Bill de Blasio, the city’s public advocate and a likely mayoral candidate in the 2013 election, joined half a dozen City Council members, parents and other advocates on the steps of City Hall on Monday afternoon to criticize proposed cuts to the city’s child care and after-school programs.
The cutbacks, which are reflected in Mayor Michael R. Bloomberg’s budget plan for the next fiscal year, could affect 47,000 children, protesters said on Monday. They would hurt working parents like Nancy Maxwell.
Ms. Maxwell, 38, who works as a toll collector on Interstate 95 and lives in the Bronx, sends her two children to Public School 142 Amalia Castro on the Lower East Side.

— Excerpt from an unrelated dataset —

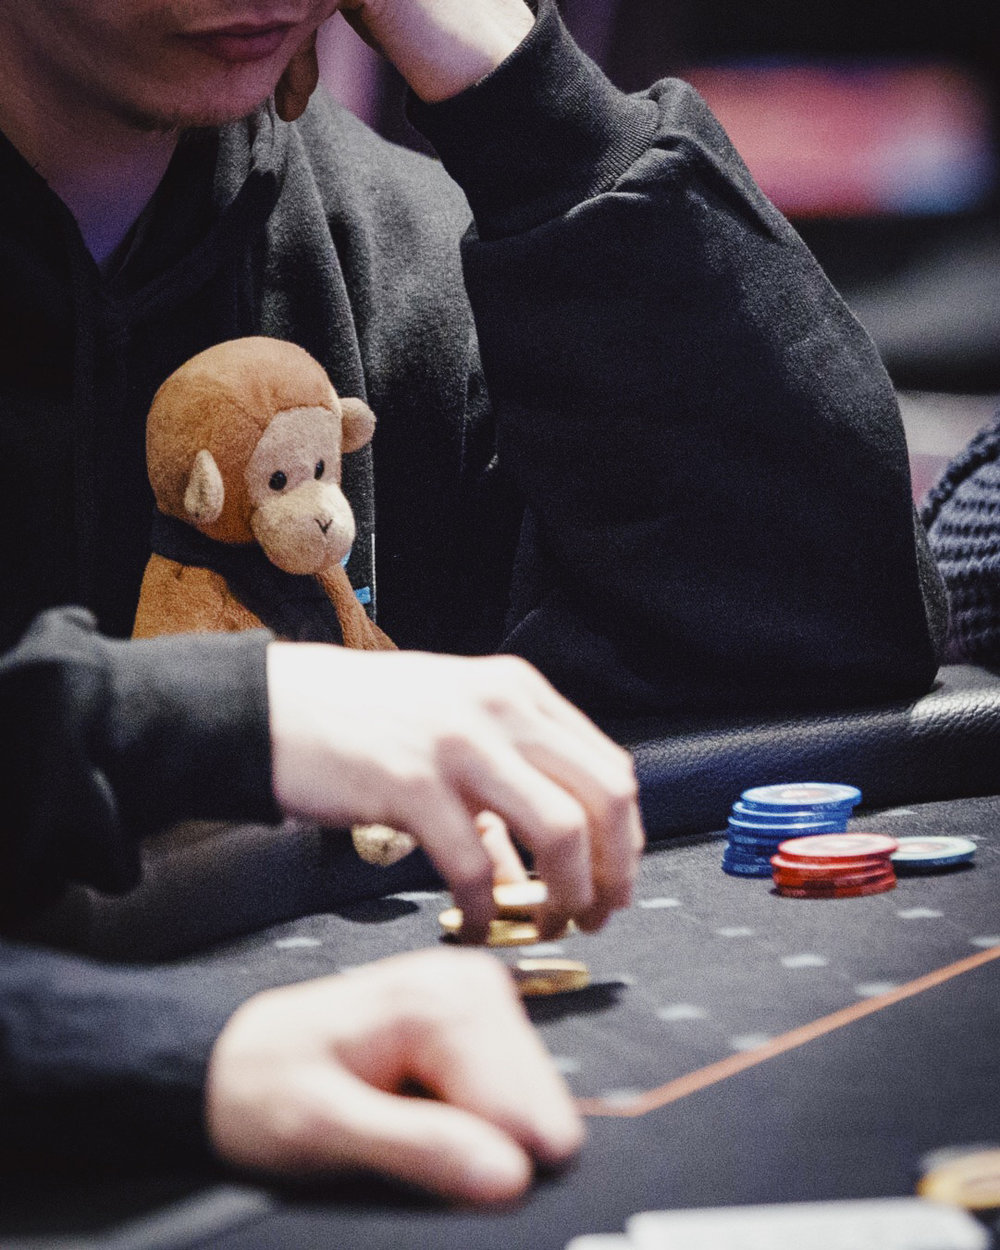 polina-shubkina-poker-010.JPG

She depends on its after-school program to look after her children, she said at the news conference on Monday.
“I can’t be there when that bell rings at 2:45,” Ms. Maxwell said in an interview afterward. “Without these after-school programs, I’m going to have to quit my job.”
The city’s child care and after-school programs served 137,225 children in 2009, according to the Campaign for Children, the group behind Monday’s event. But several years of budget cuts have reduced that number to 94,215, and the latest proposal could reduce it to 53,315.

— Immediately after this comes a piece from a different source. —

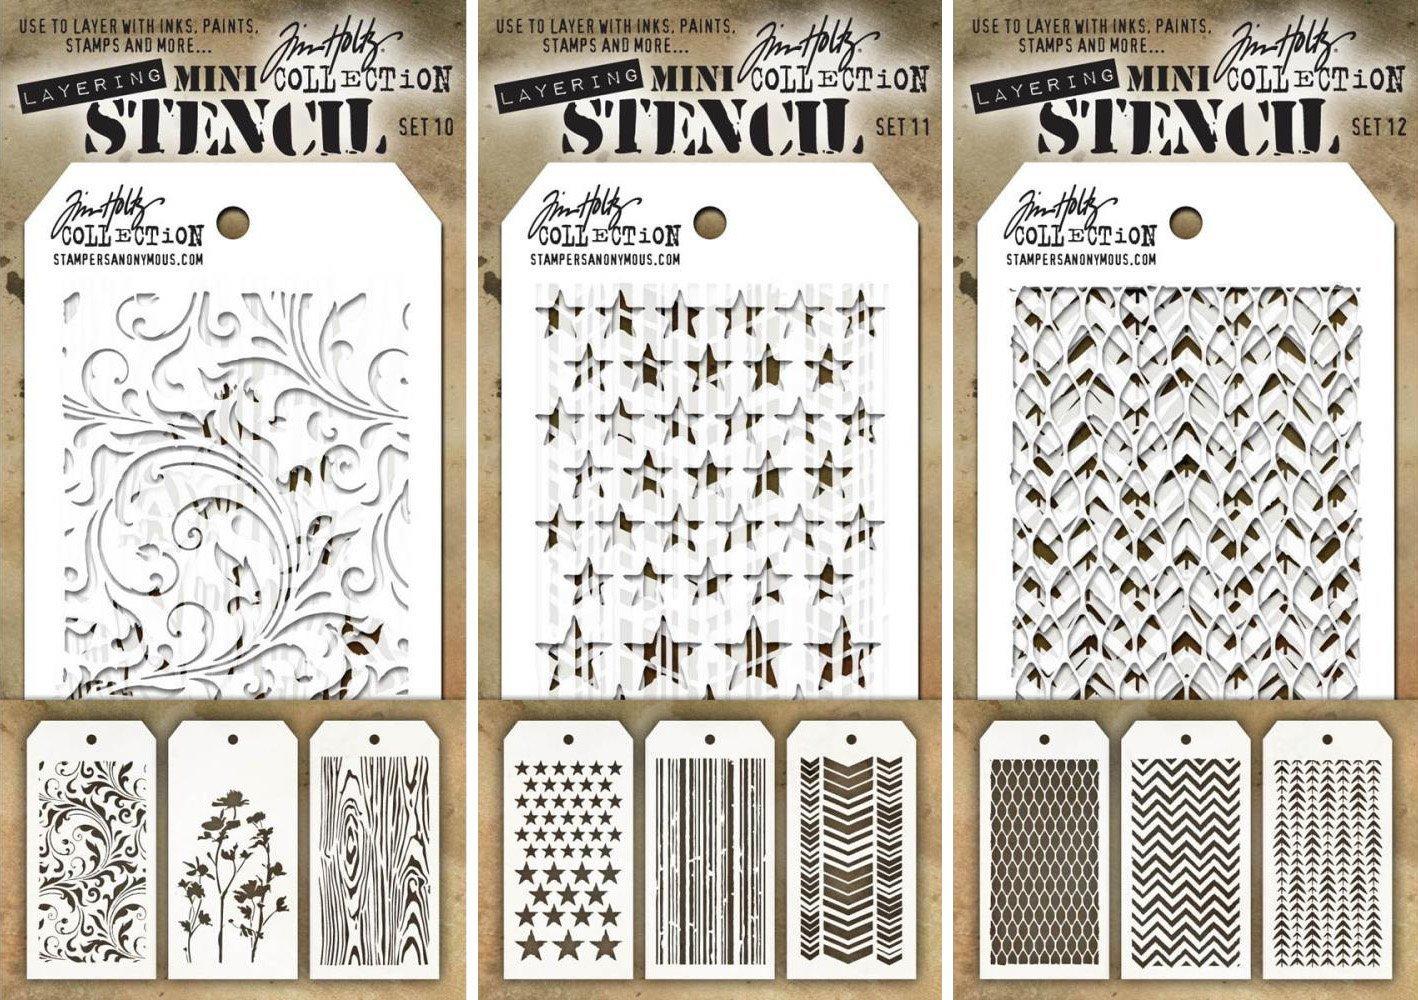 Tim Holtz - Nine Mini Layering Stencils - Flourish, Wildflower, Woodgrain, Stars, Stripes, Chevron, Mesh, Zigzag and Tracks - aka sets 10, 11 & 12

Councilman Jumaane D. Williams of Brooklyn condemned the budget plan, saying he was watching his language because children were present.

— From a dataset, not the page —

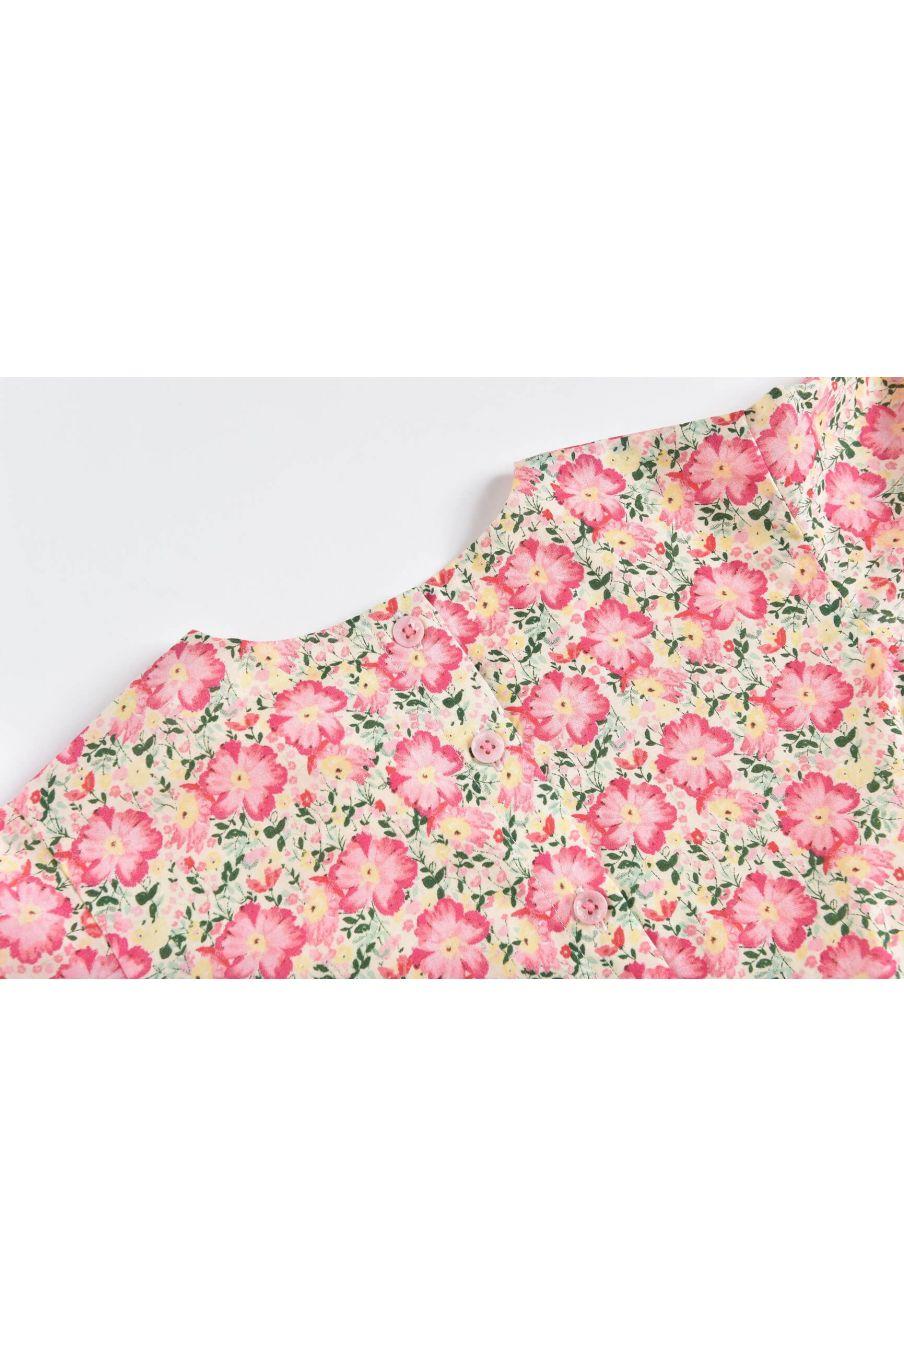 boheme chic vintage combinaison fille mayalia pink meadow

The children — three dozen 4- and 5-year-olds in puffy coats from the Chung Pak Day Care Center a few blocks away in Chinatown — waved signs in front of Mr. Williams and the other speakers.
The Campaign for Children is a new partnership between the NYC Youth Alliance, an advocacy group for after-school programs, and the Emergency Coalition to Save Child Care, and its structure may help to save both programs, said Wayne Ho, the executive director of the Coalition for Asian-American Children and Families, which works with the Campaign for Children.
In the past, Mr. Ho said, “there were times when they would play child care off against after-school, and after-school off against child care.” This time, he said, will be different.
Samantha Levine, a spokeswoman for Mr. Bloomberg, declined to comment on Monday. But on Sunday she said that the administration was “working within our means to provide critical services.”
Many of the speakers on the City Hall steps on Monday seemed frustrated not only with the cuts, but also with Mr. Bloomberg himself. Though Mr. de Blasio’s remarks were measured, Mr. Williams suggested that it was time for new leadership at City Hall.
“I can taste January 2014,” he said. “It’s going to be a great time for this city.”